1.2.3 Cultivar o não-apego

Uma vez que a única dimensão da vida é o presente (passado é nostalgia; futuro
é esperança) e que o presente não é garantia de nada possuir (dado que nada está
assegurado), é sábio habituar-se ao não-apego. Novamente Epicteto:
O primeiro e principal exercício, o que conduz de imediato às portas do bem, consiste, quando
uma coisa nos prende, em considerar que ela não é daquelas que não nos podem ser tiradas; que
ela é como uma panela, ou uma taça de cristal, que quando se quebra não nos perturba porque
lembramos o que ela é.
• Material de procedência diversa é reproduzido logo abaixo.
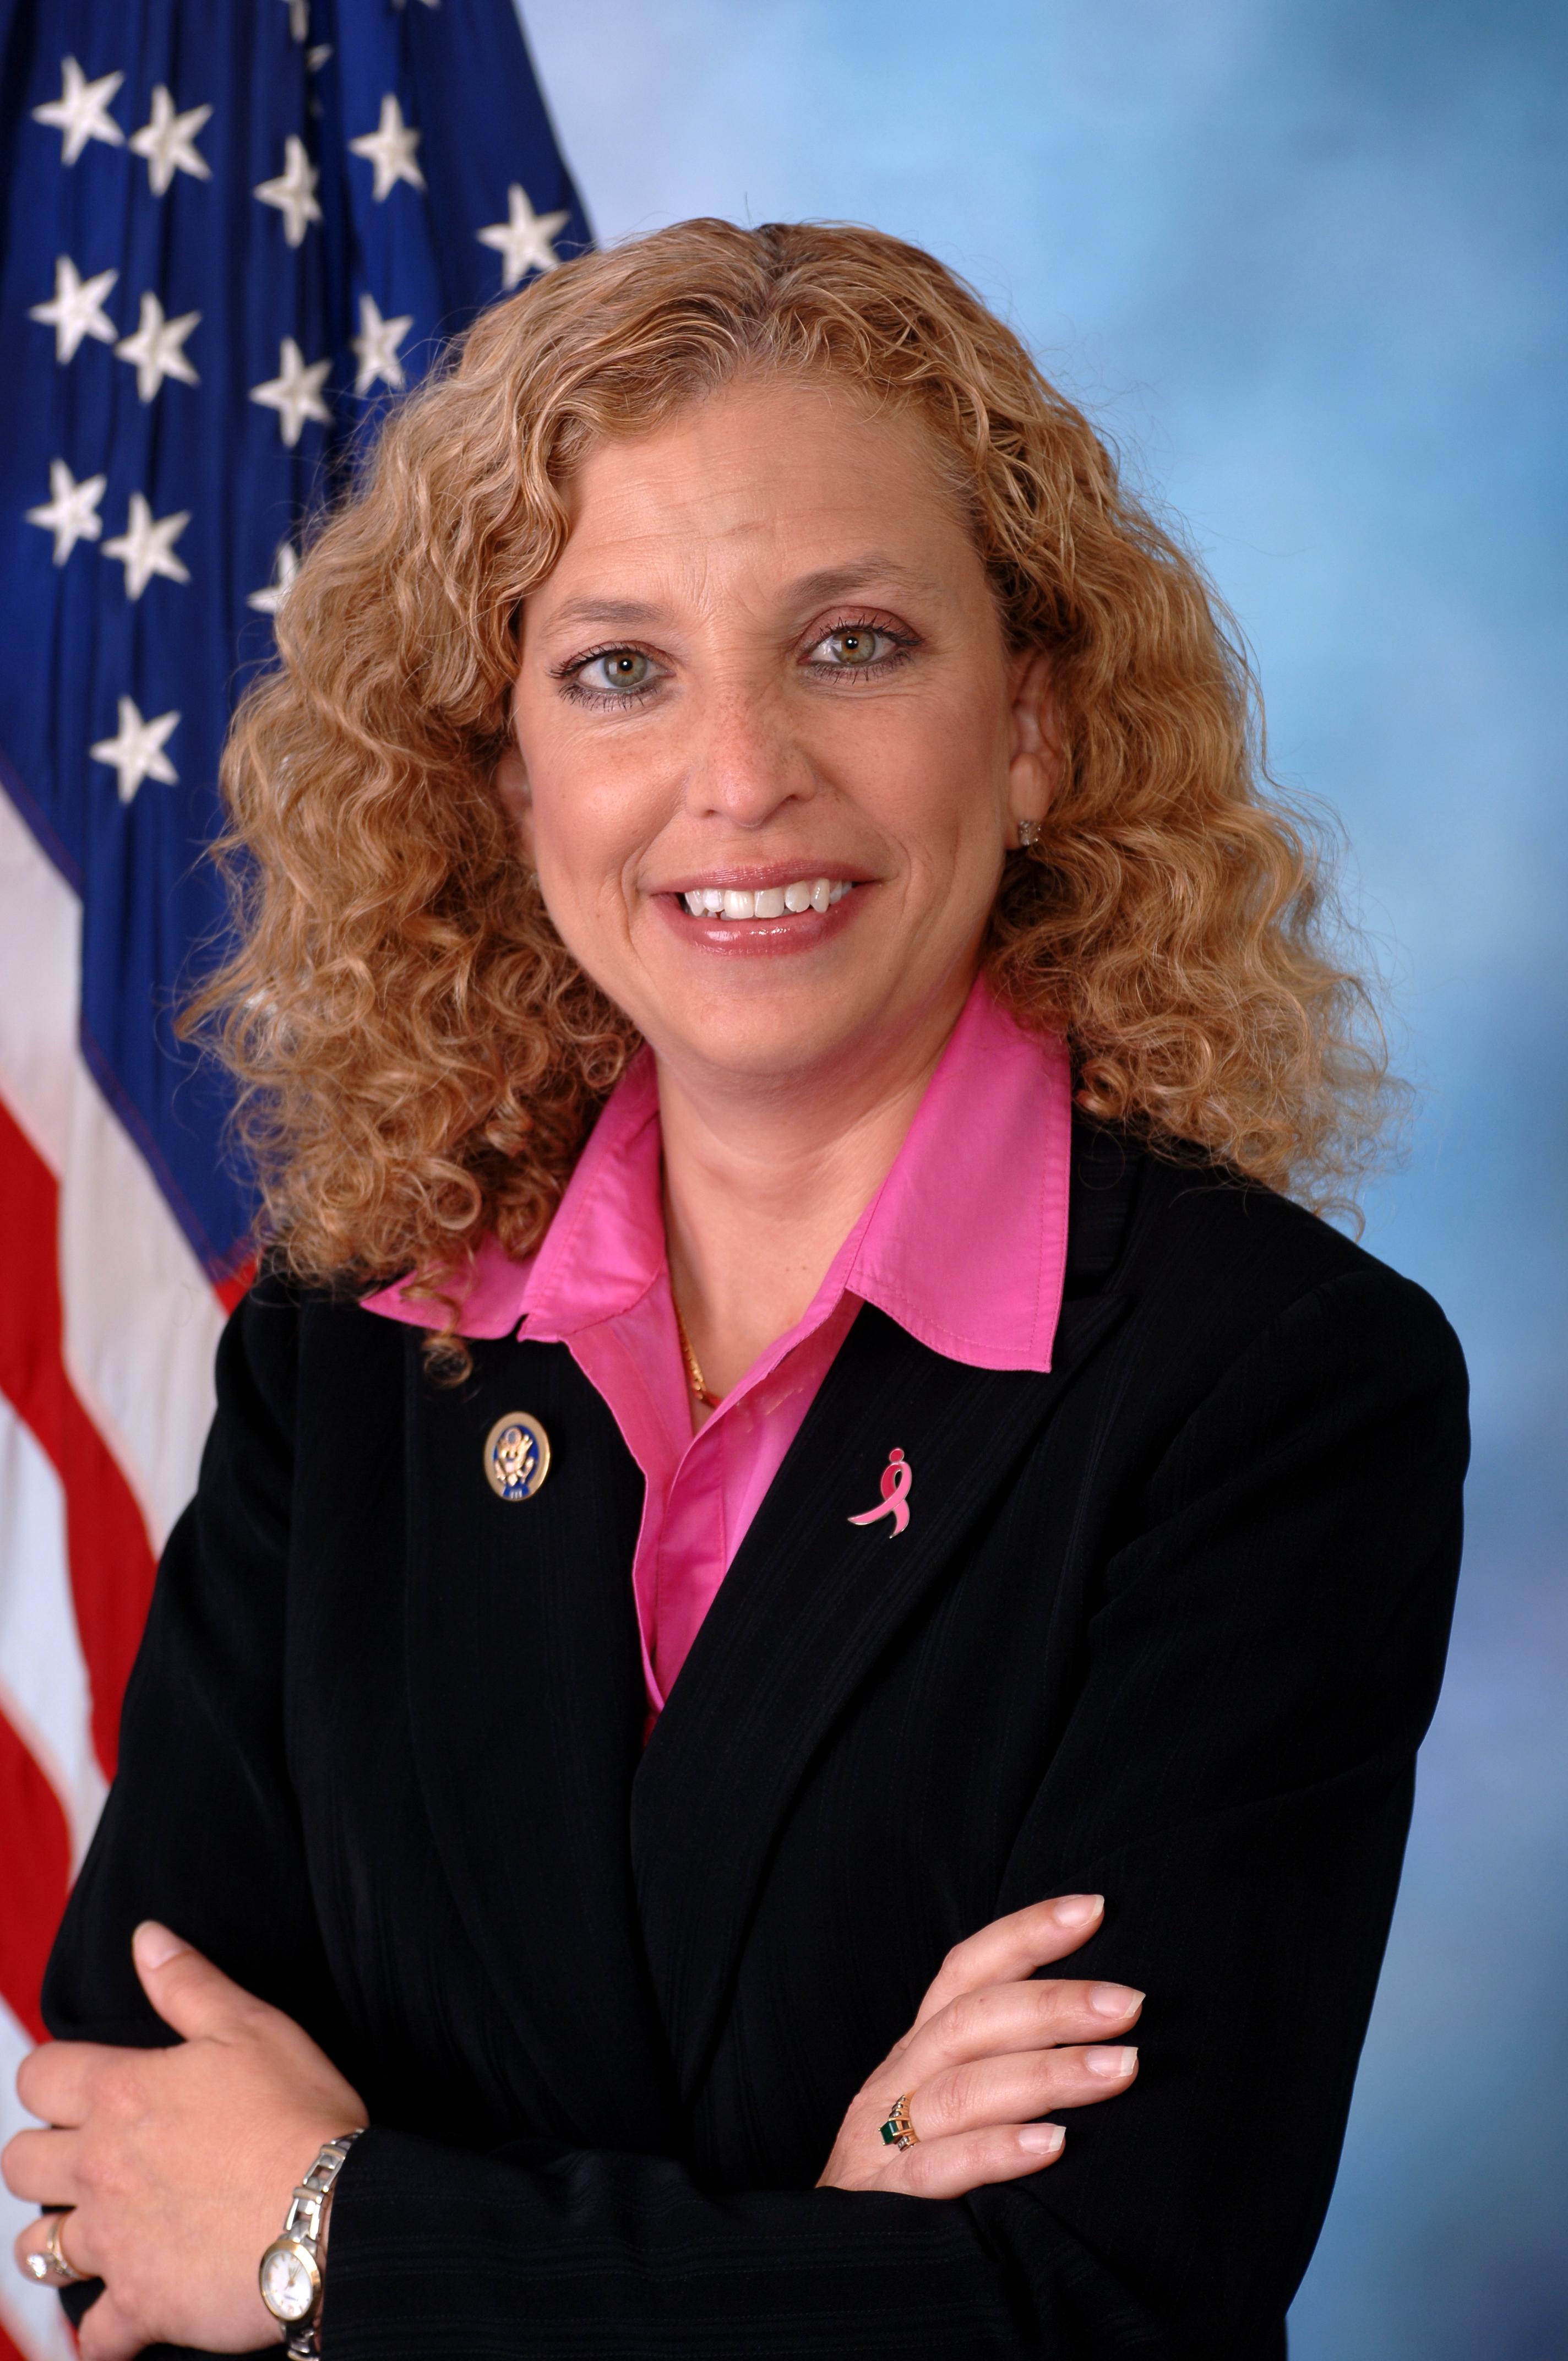 https://upload.wikimedia.org/wikipedia/commons/e/eb/Debbie_Wasserman_Schultz,_official_portrait,_112th_Congress.jpg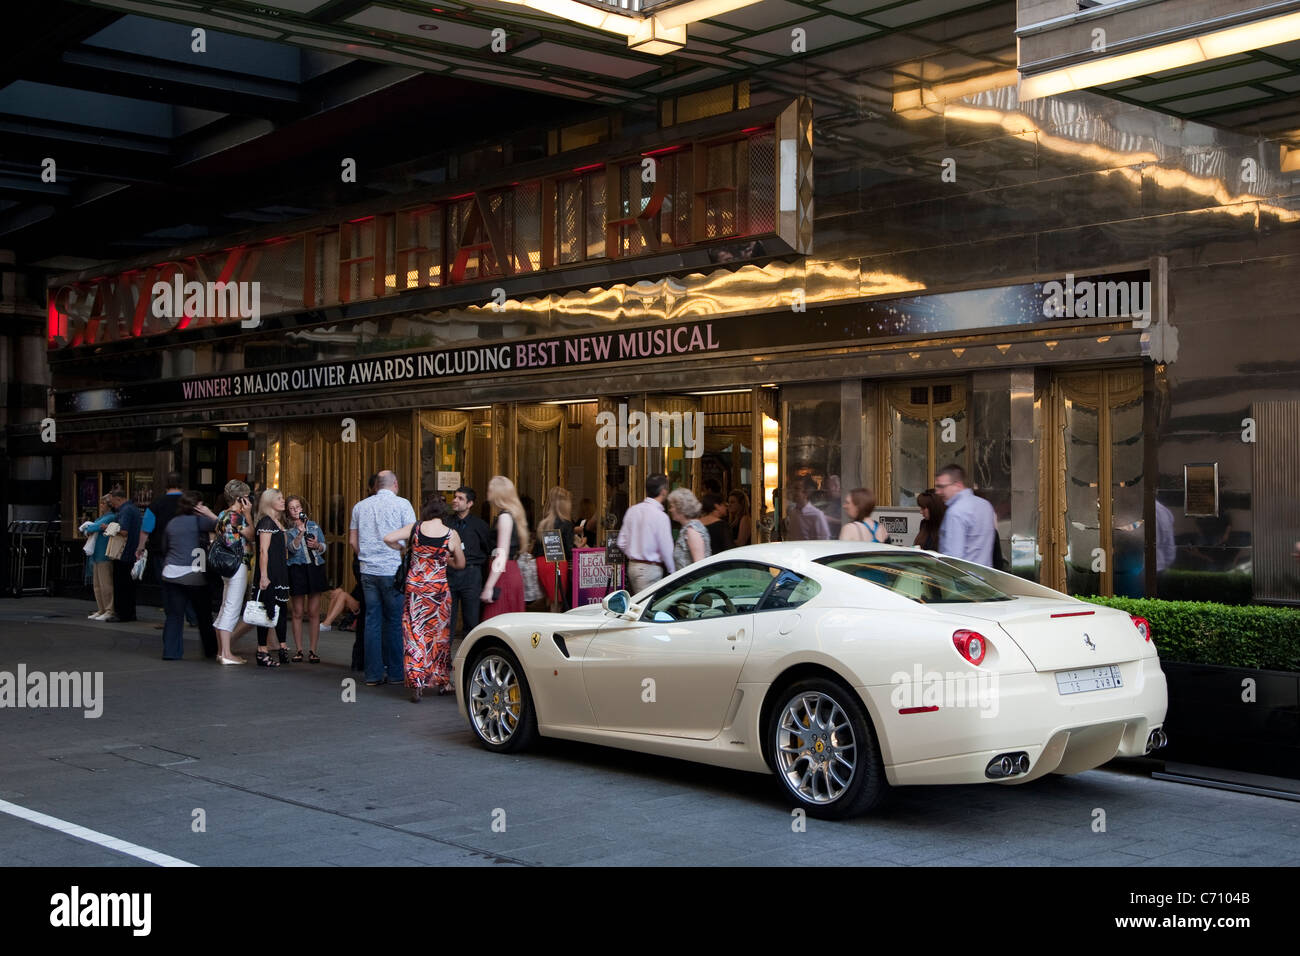 Savoy Theatre with a Ferrari Car; London, England, UK - Stock Image

O mesmo acontece aqui: se abraças um filho, um irmão ou um amigo, não
te abandones sem reservas à imaginação... Lembra-te que amas um mortal, um ser que não é
absolutamente tu mesmo. Ele te foi concedido para o momento, mas não para sempre, nem sem
que te possa ser tomado... que mal existe em murmurar entre dentes, enquanto se abraça o filho:
“Amanhã ele morrerá?” (Entretiens, III, 84 ss.)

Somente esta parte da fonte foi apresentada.